On the way to the barn she gave Mrs. Woodlawn a brief but graphic account of the riding lesson and the sheep salting. When they reached the haymow, Annabelle was still sobbing.

“Oh, Aunty Harriet!” she cried. “I don't know what it is, but it's squishy. I can't—oh dear! I
can't
bear squishy things!”

“You poor child!” said Mrs. Woodlawn, examining the back of Annabelle's blouse, and then, in an ominous voice, she announced: “It's egg.” With a good deal of tenderness Mother got Annabelle to the house and put her into Clara's capable hands. Then she turned with fury on the three culprits. But it was Caddie whom she singled out for punishment.

“Caroline Woodlawn, stand forth!” she cried. Caddie obeyed.

“It was only a joke, Mother,” she said in a quivering voice. Mrs. Woodlawn took a little riding whip which hung behind the kitchen door and struck Caddie three times across the legs.

“Now go to your bed and stay until morning. You shall have no supper.”

“Ma, it was as much my fault as hers,” cried Tom, his ruddy face gone white.

“No, Tom,” said Mrs. Woodlawn. “I cannot blame
you
so much. But that a
daughter
of mine should so far forget herself in her hospitality to a guest—that she should be such a hoyden as to neglect her proper duties as a lady! Shame to her! Shame! No punishment that I can invent would be sufficient for her.”

As Caddie went upstairs, she saw Father standing in the kitchen door and she knew that he had witnessed her disgrace. But she knew, too, that he would do nothing to soften the sentence which Mother had spoken, for it was an unwritten family law that one parent never interfered with the justice dealt out by the other.

For hours Caddie tossed about on her bed. The upper room was hot and close, but an even hotter inner fire burned in Caddie. She had some of her mother's quick temper, and she was stung by injustice. She would have accepted punishment without question if it had been dealt out equally to the boys. But the boys had gone free! All the remorse and the resolves to do better, which had welled up in her as soon as she had seen Annabelle's tears, were dried up now at the injustice of her punishment. Hot and dry-eyed, she tossed about on the little bed where she had spent so

many quiet hours. At last she got up and tied a few things which she most valued into a towel. She put them under the foot of her mattress and lay down again. Later she would slip down to the kitchen and get a loaf of bread and Father's old water bottle which she would fill at the spring. At least they could not begrudge her that much.
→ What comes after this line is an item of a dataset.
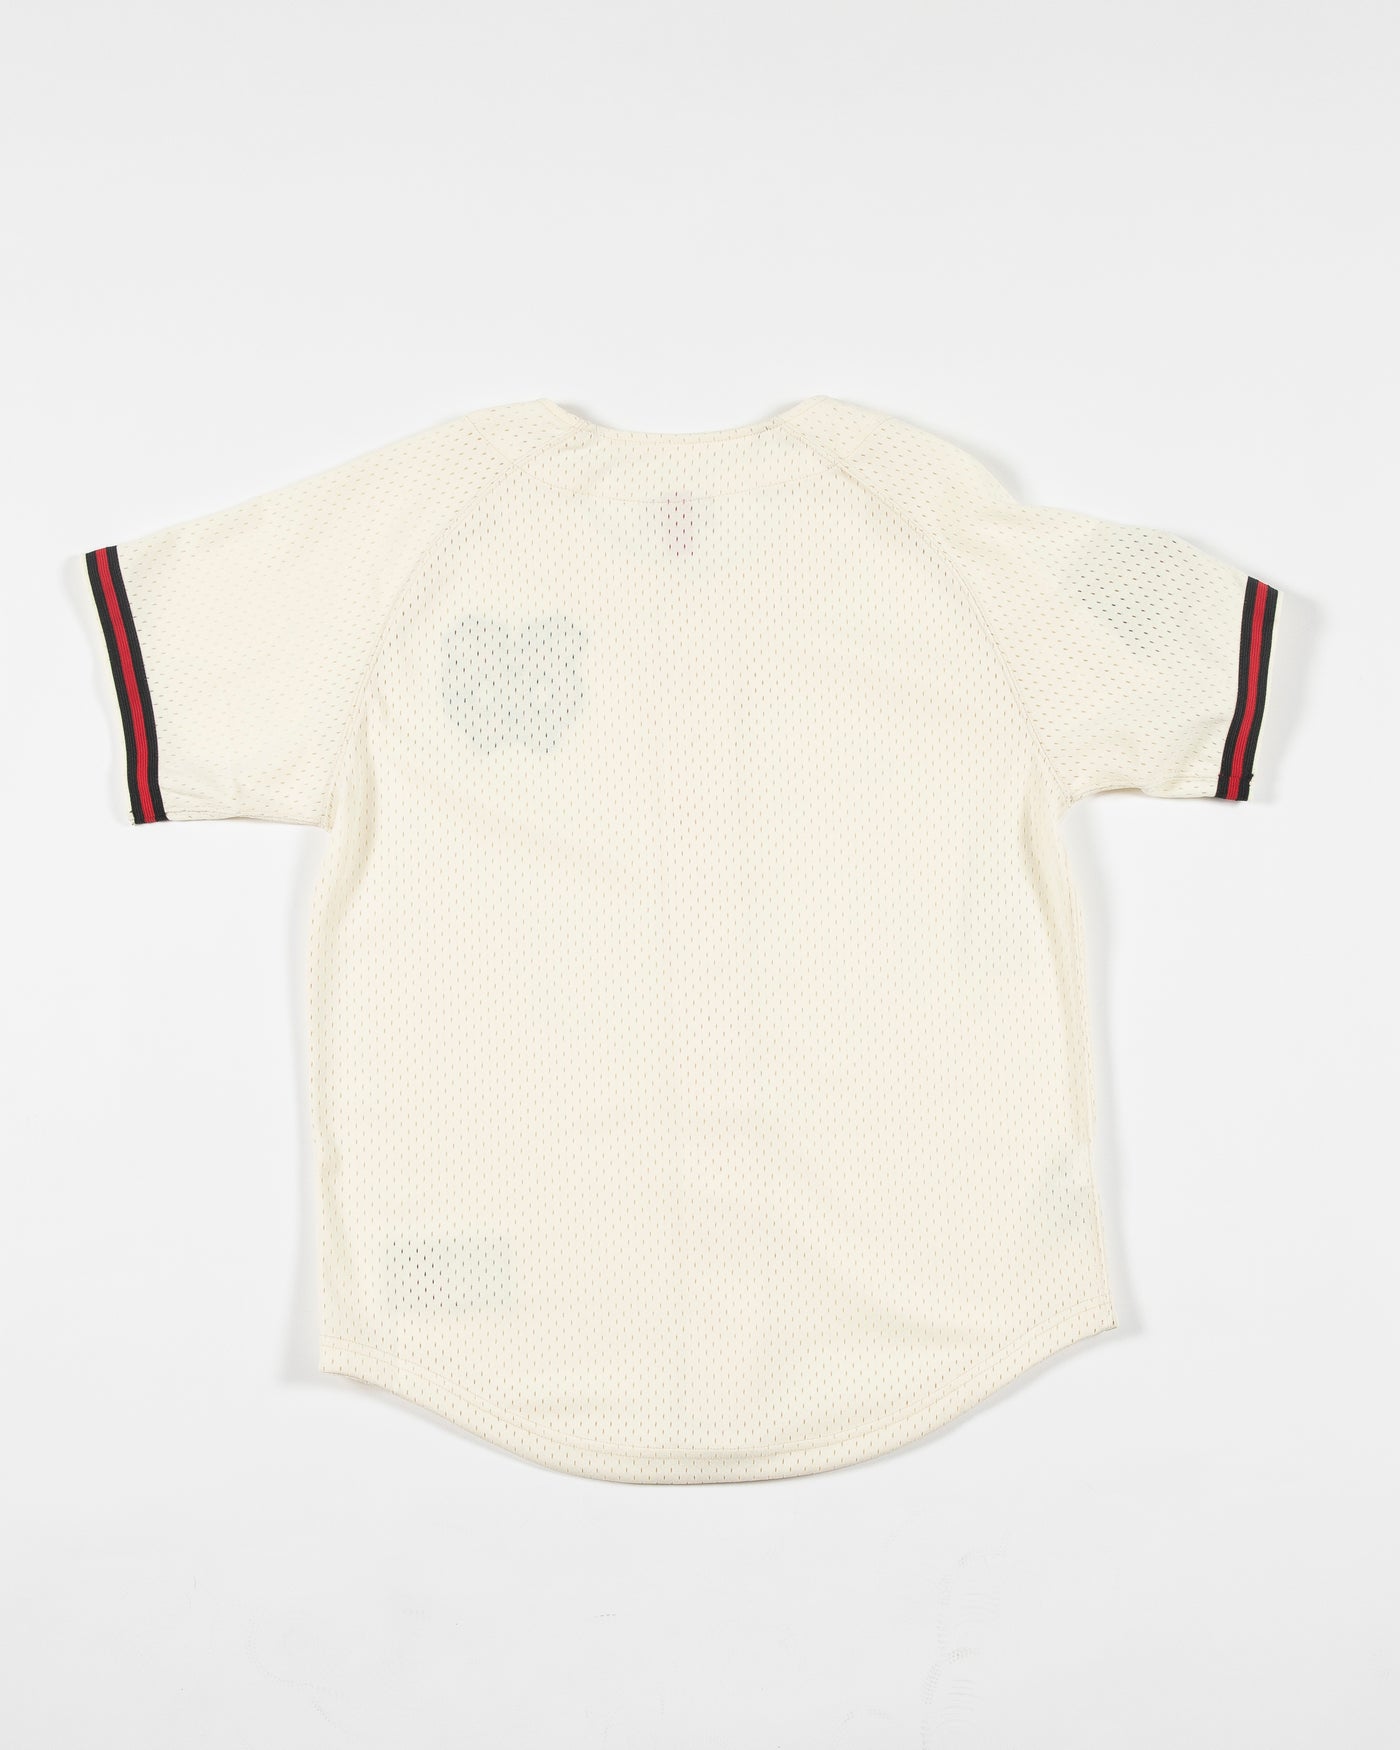 oatmeal Mitchell & Ness baseball inspired jersey with Chicago Blackhawks secondary logo on left chest and primary logo on right shoulder - back lay flat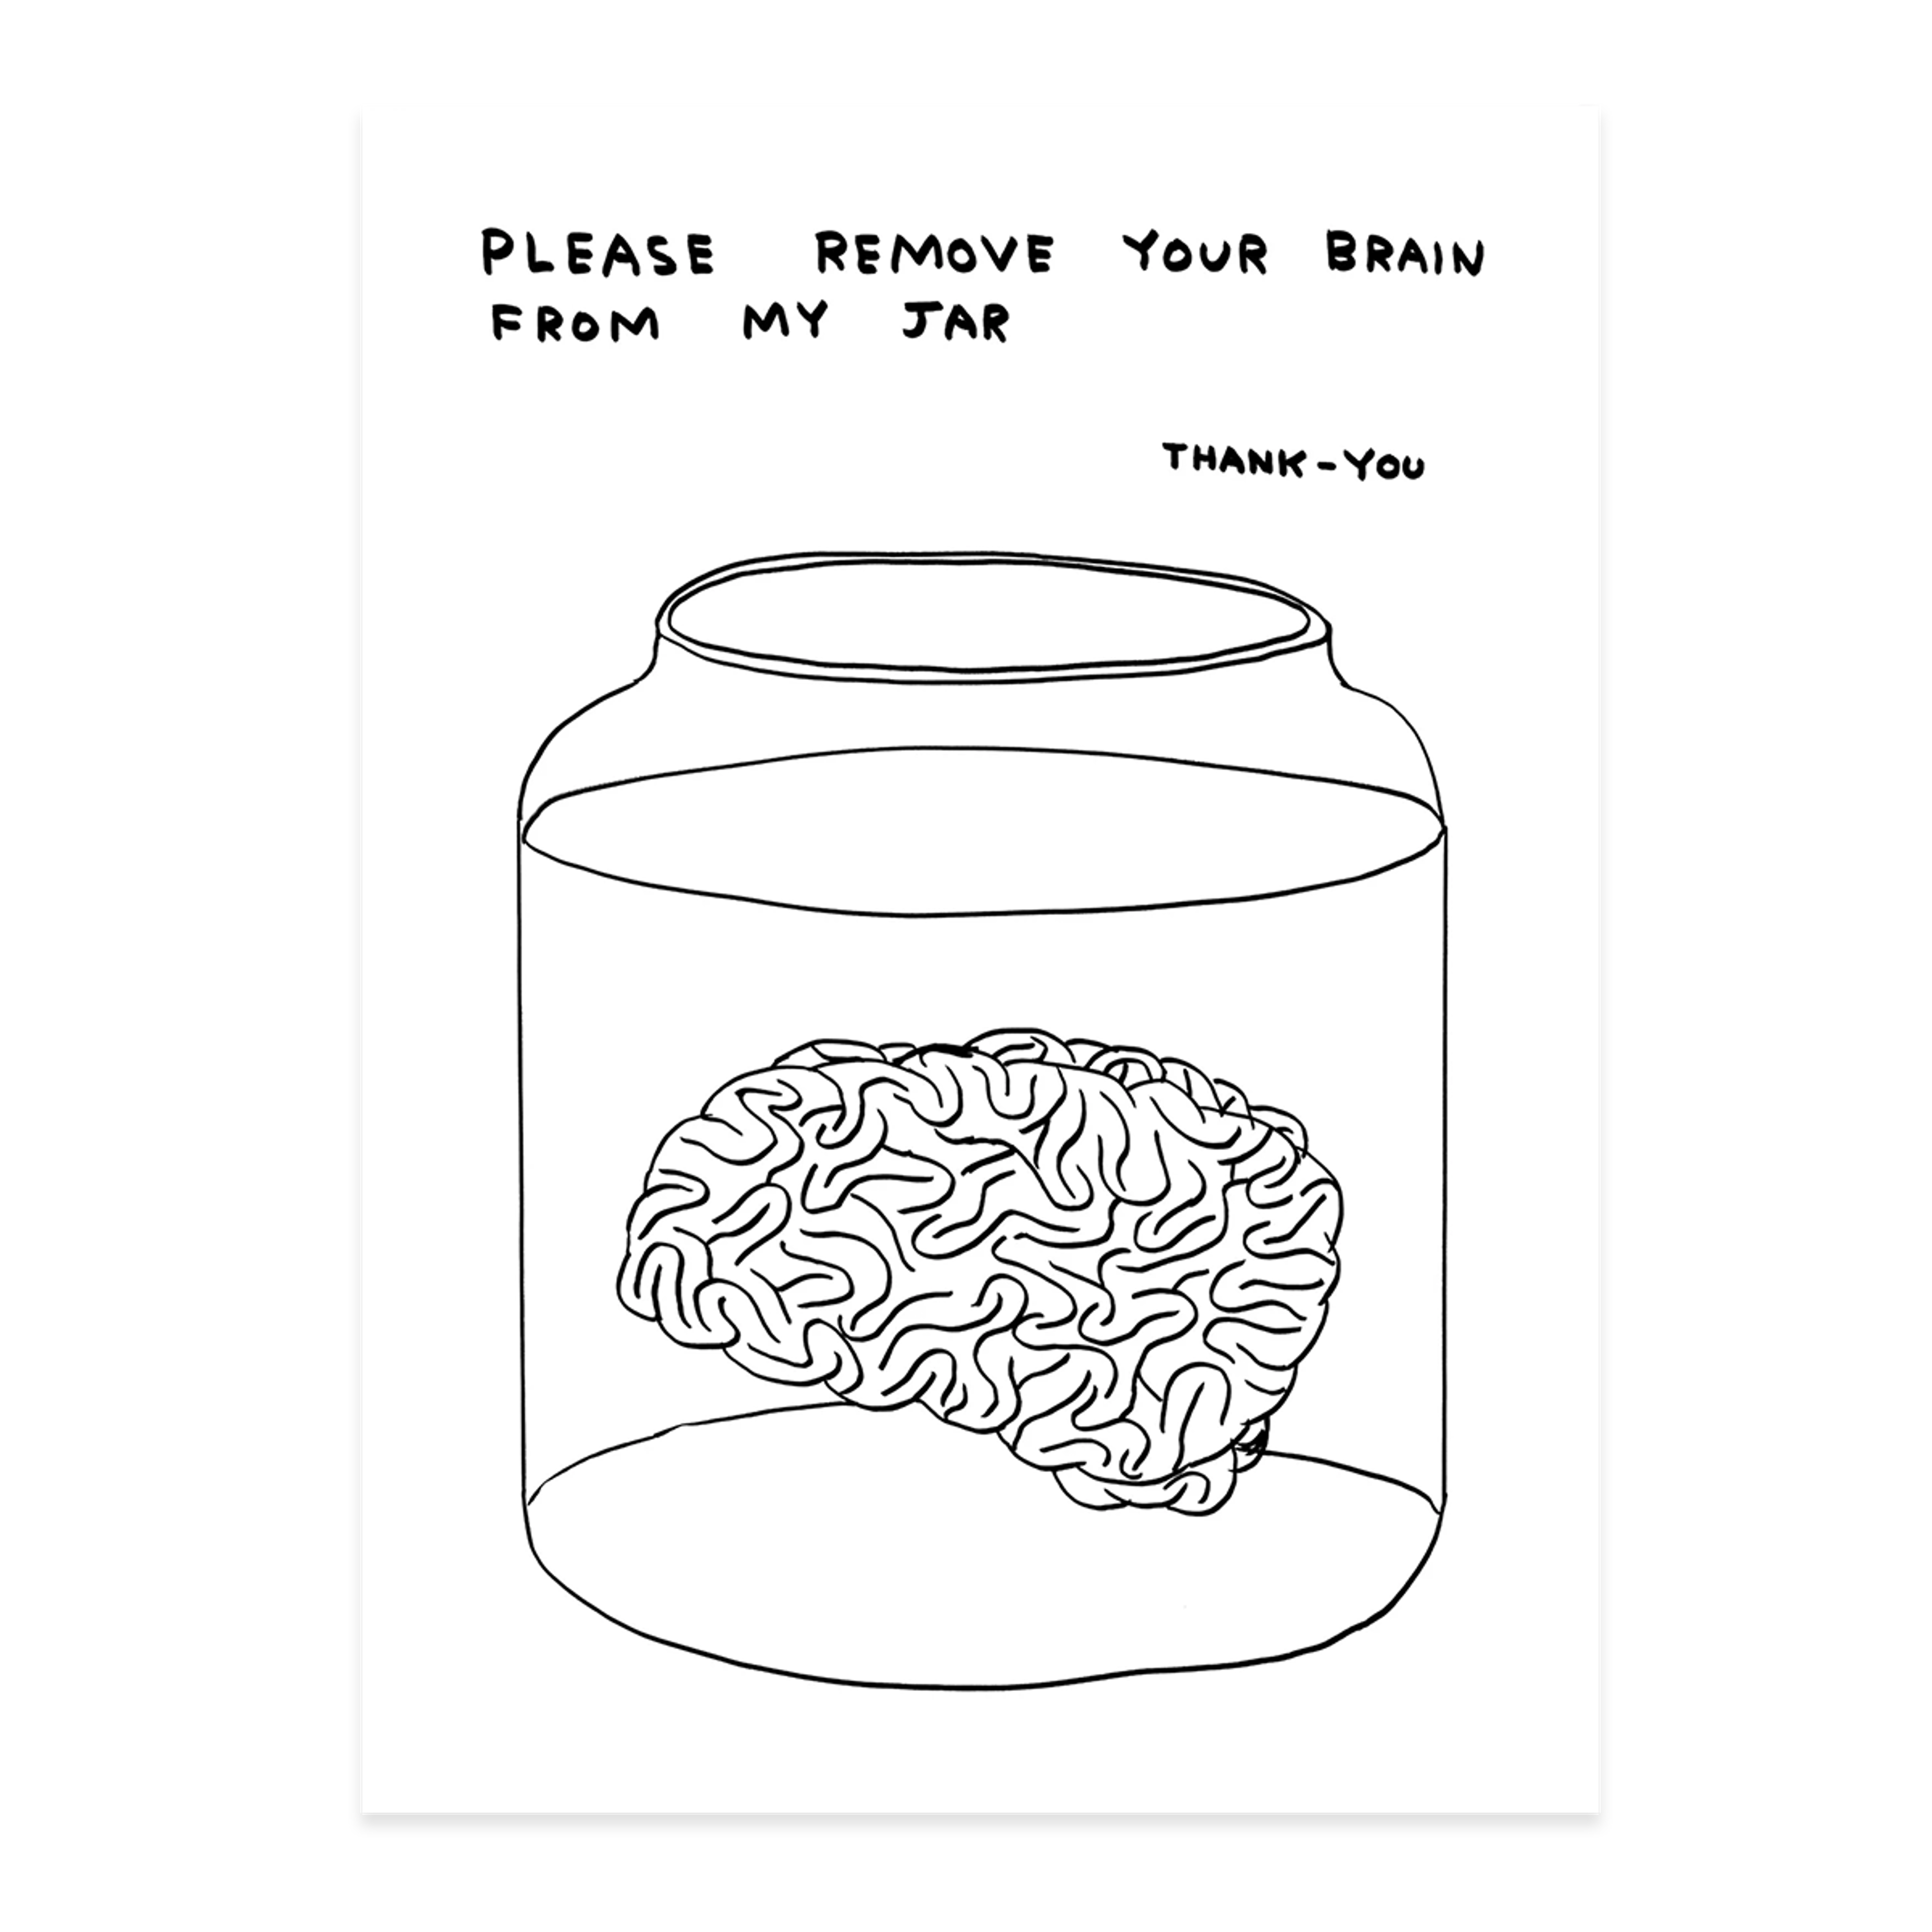 Please remove your brain from my jar

They would soon cease to miss her. Perhaps they would adopt Annabelle in her place.

Her anger cooled a little in the fever of making plans. It would have been much easier if she had known just where the Indians were. But at this season the woods were full of berries and there would soon be nuts. John's dog would protect her and she could live a long time in the woods until she could join the Indians. She knew that they would take her in, and then she would never have to grow into that hateful thing which Mother was always talking about—a lady. A lady with fine airs and mincing walk who was afraid to go out into the sun without a hat or a sunshade! A lady, who made samplers and wore stays and was falsely polite no matter how she felt!